The Appellant, the Southern Pacific Company, a Kentucky corporation, handles intrastate, interstate and foreign commerce over its railroad system which traverses a number of states and connects with the lines of carriers covering the continent. The findings and stipulation of facts show continual extrastate purchases of tangible personalty for the operation of the road; rails, equipment machinery, tools and office supplies. Some of the purchases are used in the general offices of the Corporation, located in California, for the supervision of the wide-flung activities; others are for material kept in readiness as a stand-by supply to replace or repair equipment damaged, destroyed or worn out in the operation of the road; and still others are to make improvements, replacements or extensions pursuant to previously determined plans and specifications. Few, if any, of the supplies are stored for long term needs. Storage is merely incidental to protection until use, as office supplies in a closet or an extra frog at a section tool house. For construction or reconstruction upon a large scale, special orders are given and arrangements made, so that the material is fabricated for a particular use in the transportation facilities, shipped to its California destination and installed upon arrival. To avoid delay and cost the movement from loading to final placement is as nearly continuous as managerial efficiency can contrive. While some articles are capable of general use, the major purchases of rails, repair parts and supplies for the maintenance and operation of the system are adapted only to railroad use. The purchases are paid for out of railroad operating capital and move on company material waybills, without transportation charge. All purchases may be said to be dedicated to consumption in the interstate transportation business of appellant. No new rolling stock is involved. Subsequent to repairing and reconditioning, rolling stock moves again in interstate transportation, as do cars after being stocked with supplies. The California tax on storage or use, it is said, cannot apply to these articles, as such a tax would be an unconstitutional burden upon the facilities of interstate commerce, of which the articles are a part.

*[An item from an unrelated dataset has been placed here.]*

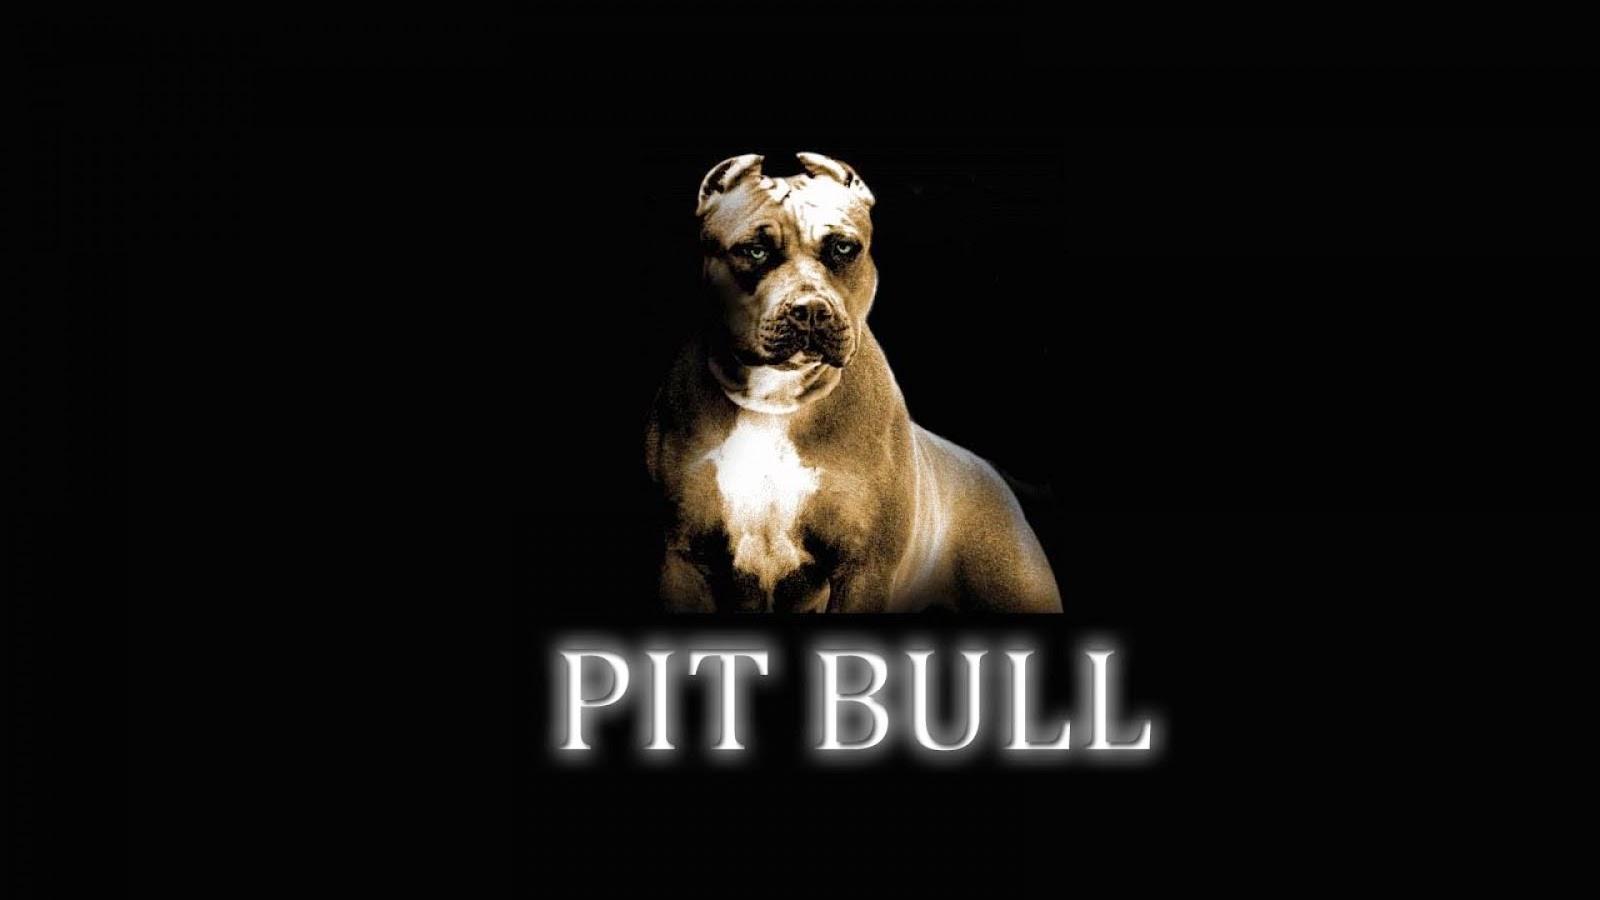 pitbull dog hd wallpaper free download

In holding that the rails, equipment, machinery and tools were subject to California's use tax, the Court at 306 U.S. 176, 59 S.Ct. 393, 83 L.Ed. 593 stated:

In the present case some of the articles were ordered out of the state under specification suitable only for utilization in the transportation facilities and installed immediately on arrival at the California destination. If articles so handled are deemed to have reached the end of their interstate transit upon "use or storage", no further inquiry is necessary as to the rest of the articles which are subjected to a retention, by comparison, farther removed from interstate commerce. We think there was a taxable moment when the former had reached the end of their interstate transportation and had not begun to be consumed in interstate operation. At that moment, the tax on storage and use — retention and exercise of a right of ownership, respectively — was effective. The interstate movement was complete. The interstate consumption had not begun.

The roadway machinery and materials not exempt had a "taxable moment" in Kentucky. It will be noted that approximately thirty-five percent (35%) of the total was taxed in Kentucky, and in the absence of records no counter formula for taxation was offered by the Appellant.

If the findings of a state administrative agency are supported by substantial evidence it should not be disturbed.

We have examined the record in this case, and have determined that the assessment levied is not a burden on interstate commerce and does not violate KRS 139.480(1).

The judgment is affirmed.

All concur.


Summaries of

Louisville N. R. Co. v. Dept. of Revenue

Court of Appeals of Kentucky
May 13, 1977
551 S.W.2d 259 (Ky. Ct. App. 1977)
Case details for

Louisville N. R. Co. v. Dept. of Revenue

Case Details

Full title:LOUISVILLE AND NASHVILLE RAILROAD COMPANY, Appellant, v. DEPARTMENT OF…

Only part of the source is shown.